Recuerdo que, durante algunos años, antes de las fiestas navideñas, me quedaba trabajando hasta tarde en una oficina del centro de la ciudad. Cuando terminaba, ya había anochecido, todos los negocios estaban cerrados, el gentío había desaparecido, y salía encontrándome con una plaza céntrica totalmente vacía. Sólo se veían uno o dos ejecutivos llevando a casa los paquetes de sus compras hechas a último momento, caminando apresurados en el frío.

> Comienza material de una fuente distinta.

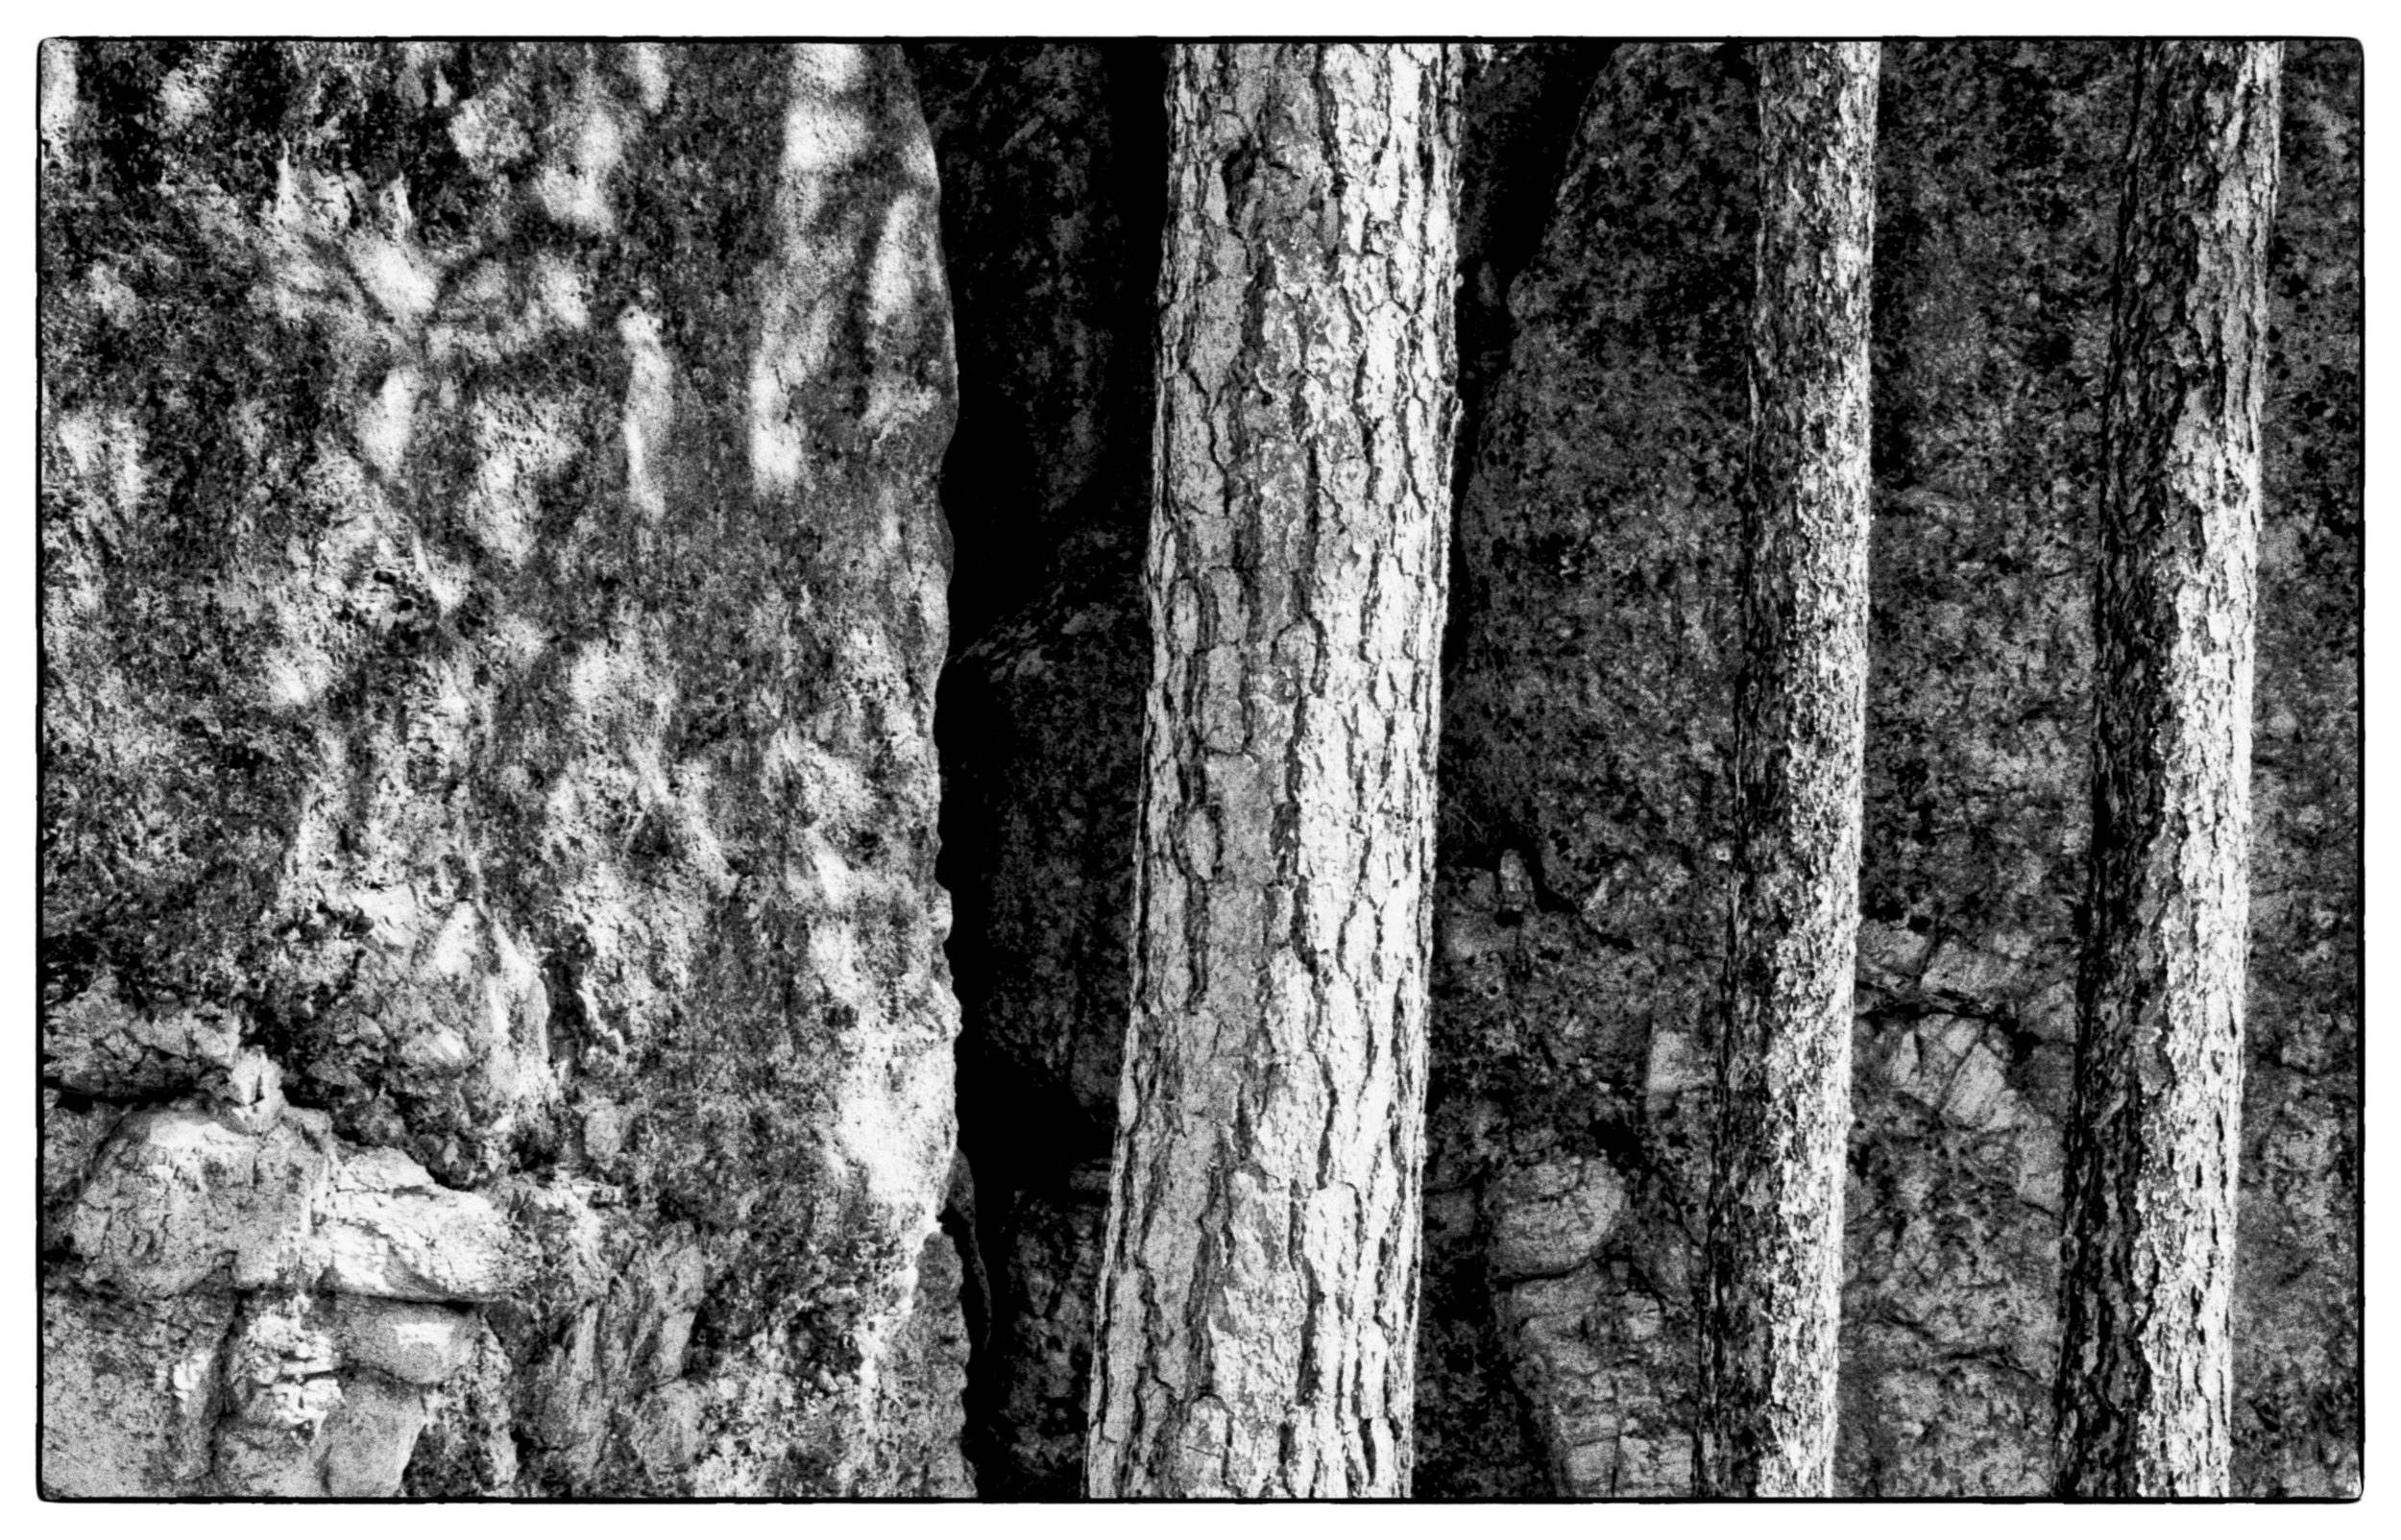 Trees near Mr. Rushmore

Sin gente a su alrededor, las decoraciones de los faroles y los árboles iluminados ya no parecían tan alegres, sino más bien sombríos. Y uno no podía evitar pensar que no había mucho en esos enormes edificios vacíos, que pudiera satisfacer el espíritu de sus diarios ocupantes. Las transacciones comerciales, el fugaz prestigio y el sueldo elevado, tampoco podrían satisfacerlo. Caminando en la oscuridad, sentía claramente que todos necesitábamos buscar en otro lugar para encontrar el corazón y el alma de nuestra vida.
Hoy en día, los arreglos festivos ofrecen una especie de cálido y temporario respiro a ese yermo. Pero es interesante notar que es la historia original y sencilla de la Navidad la que continúa brindando la promesa práctica más grande para elevar los corazones de todos.